The inmates sharpen their skills on other Stateville inmates. Candidates for barber school must have a GED, and score perfect tens on their reading and math tests, and then convince Mattison they're serious about a career.

"What I look for basically is why you really want to be in the program," Mattison says. "Is it because you just want to get out of your cell, or is it because you really want to better yourself? " Or, is it an opportunity to get their hands on some scissors, or razors, that they couldn't otherwise possess in the prison setting? There's often just a single guard keeping an eye on the students, but security, or missing instruments, has never been a problem."

The head of the Department of Corrections, Salvador Godinez, says they've never had an incident where an instrument couldn't be accounted for.

"We have never had an incident here in the barber school where we have lost a tool, lost some equipment. Chemicals are used here to sanitize, we've had nothing of that sort happen," Godinez said.

Stateville's had a barber school for 30 years or so, but it wasn't until last November that the rules were changed so that inmates who completed 1,500 hours of training would actually get a state barber's license.

"It at least gives them the viable skill that can be made available to them in terms of employment when they leave our facilities," Godinez said.

"It's an opportunity to become a professional and produce some positive changes in who I am," student inmate Anthony Thomas said.

"Being able to cut hair and interact with people all day is something you don't really get to do when you're in a cell. So it's a great experience, it's a great learning curve," student inmate Joshua Minnitti added.

And the learning includes how to assess your customer's needs beyond a haircut, for example, how to listen when they want to chat.

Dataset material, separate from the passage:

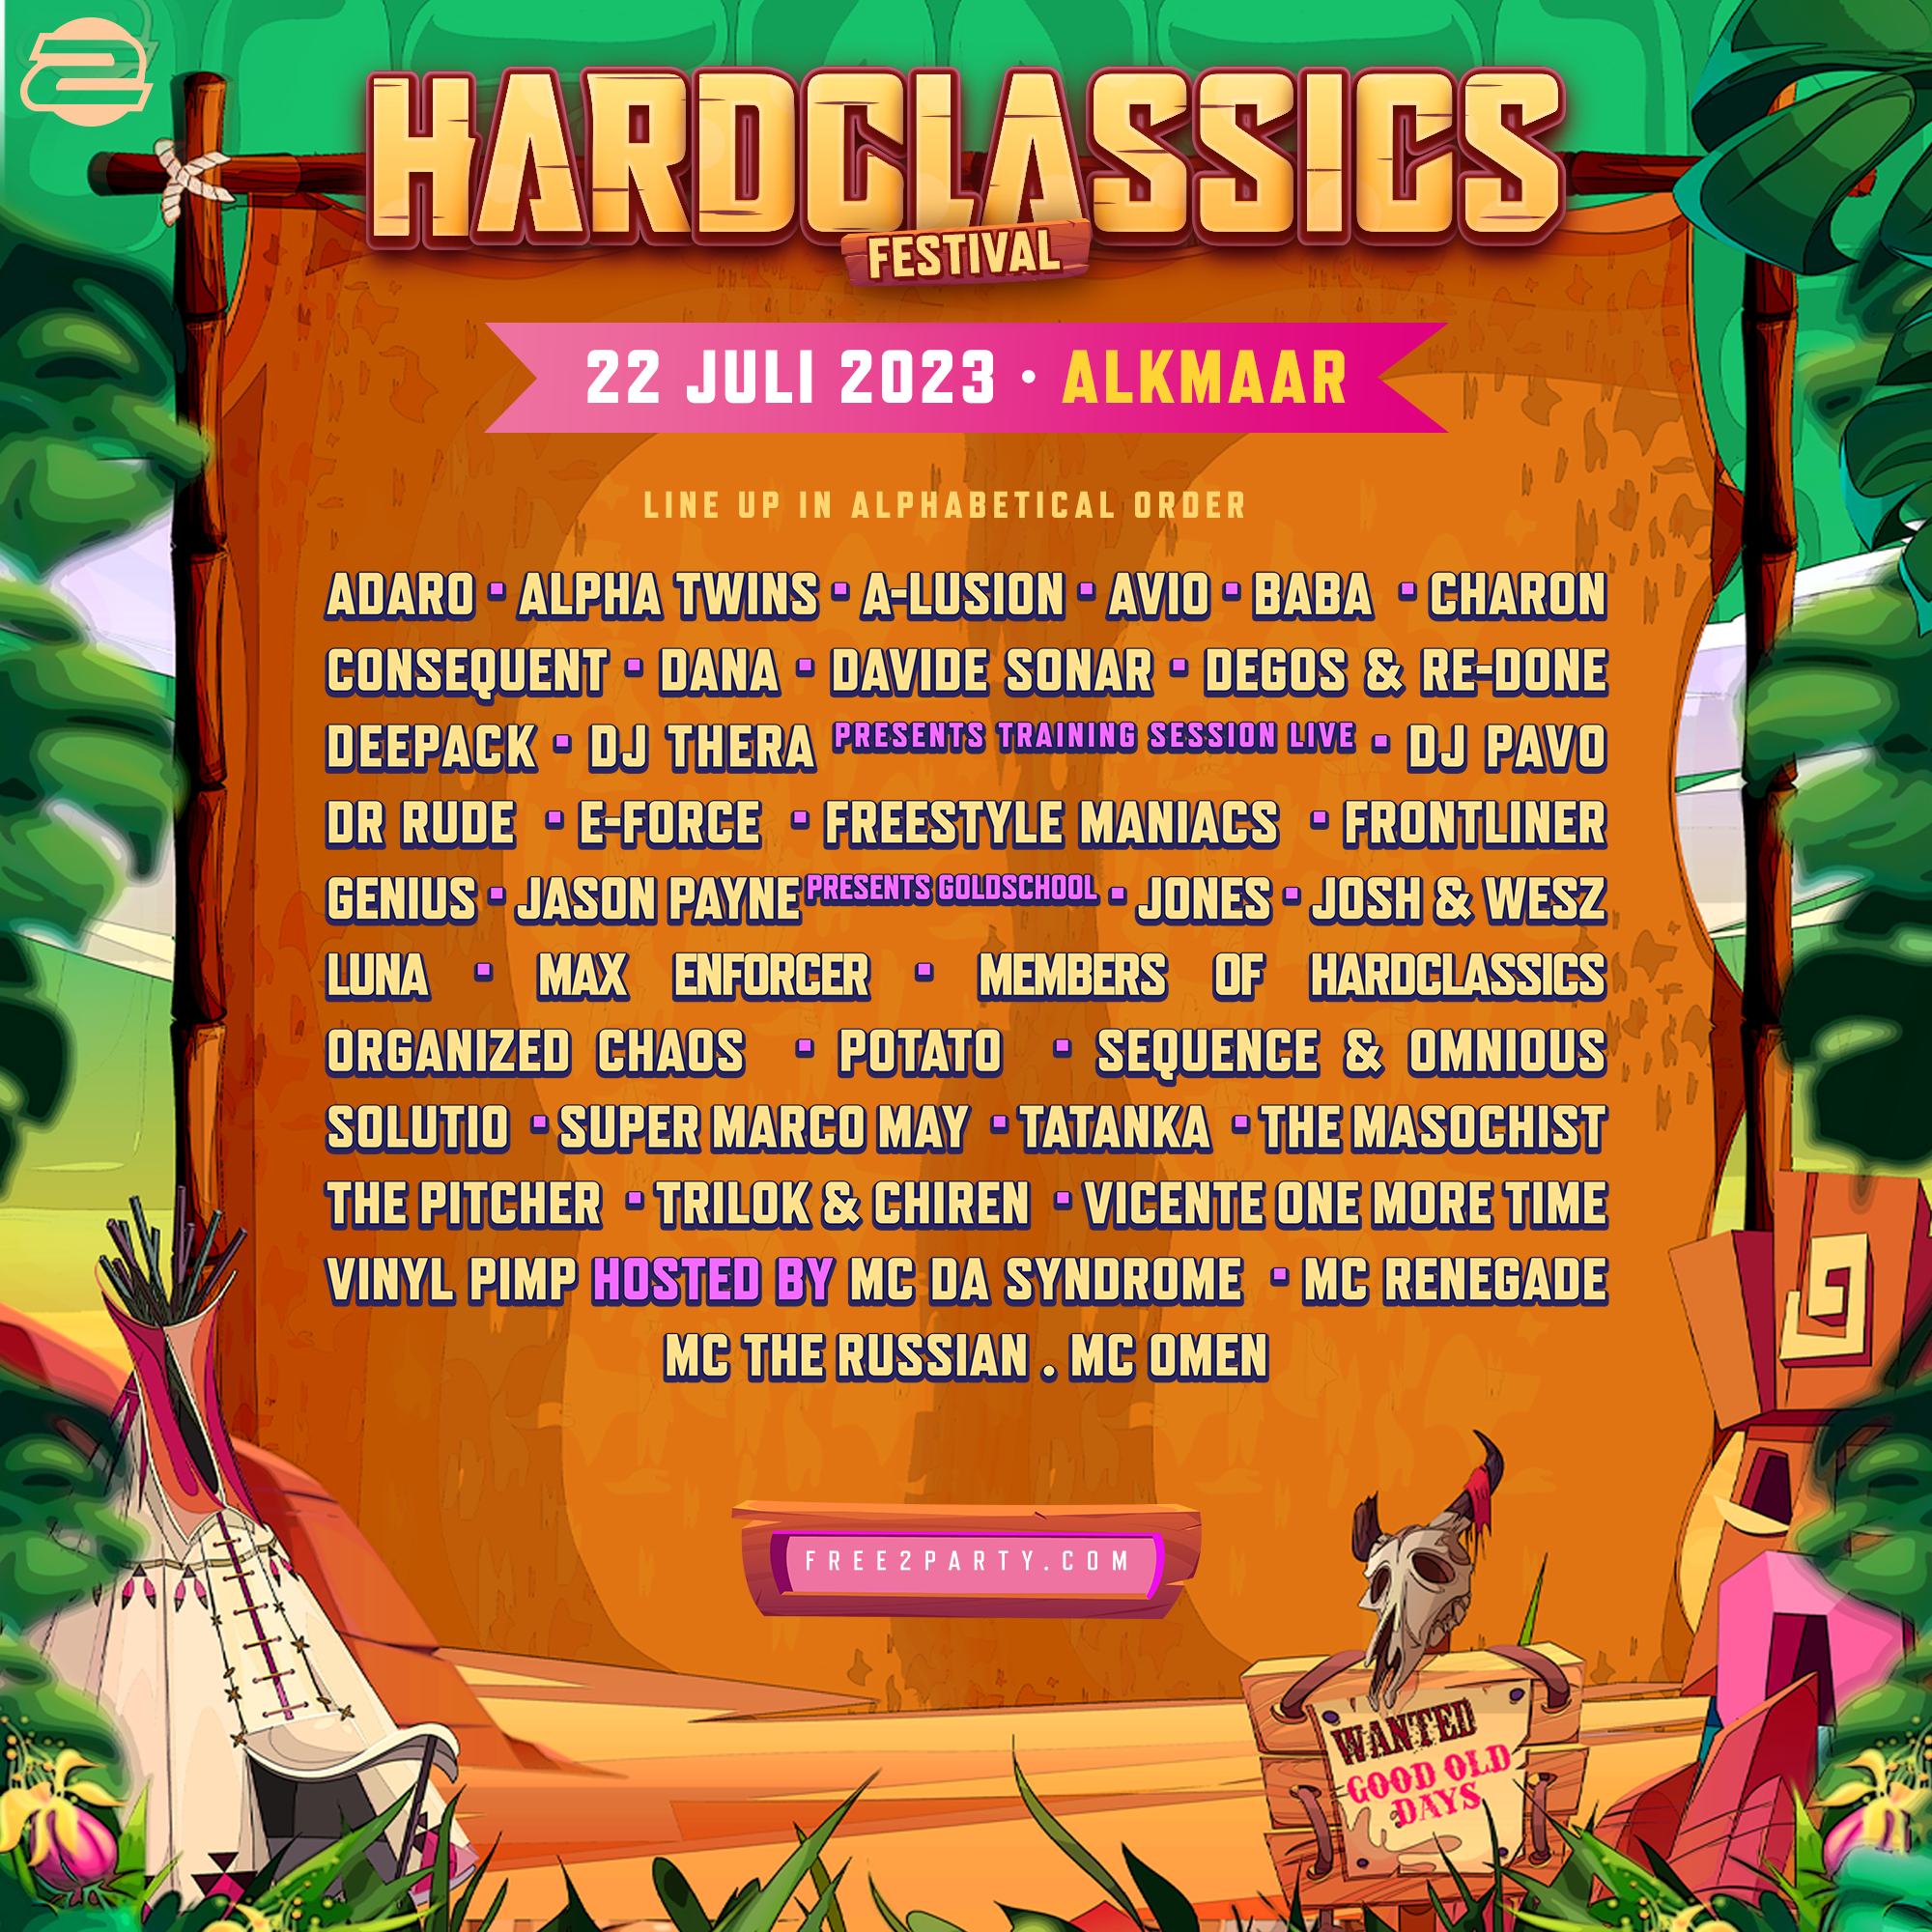 HardClassics festival 2023 complete line up

"I already knew how to cut hair, but I didn't know how to be a barber. So this is a good thing to prepare you to get you back to society," student inmate Leon Cannon said.

Statewide, about 40 percent of all inmates are released within a year of their incarceration, so officials are now starting to reserve most of the spots in the class for inmates who are likely to be released soon, so they can make use of their license. But classes do include inmates like Albert Domagala, who gave FOX 32's Larry Yellen a trim.

Domagala laughed and told Yellen he had nothing to be afraid of when he asked about his murder conviction. He's serving 40 years for murder, but the Illinois Supreme Court recently ordered another look at his conviction.

There are barber colleges in three other Illinois prisons, but Stateville is the only maximum security correctional center to have such a program.

Four correctional centers in Illinois are now training barbers, but Stateville is the only maximum security prison with such a program.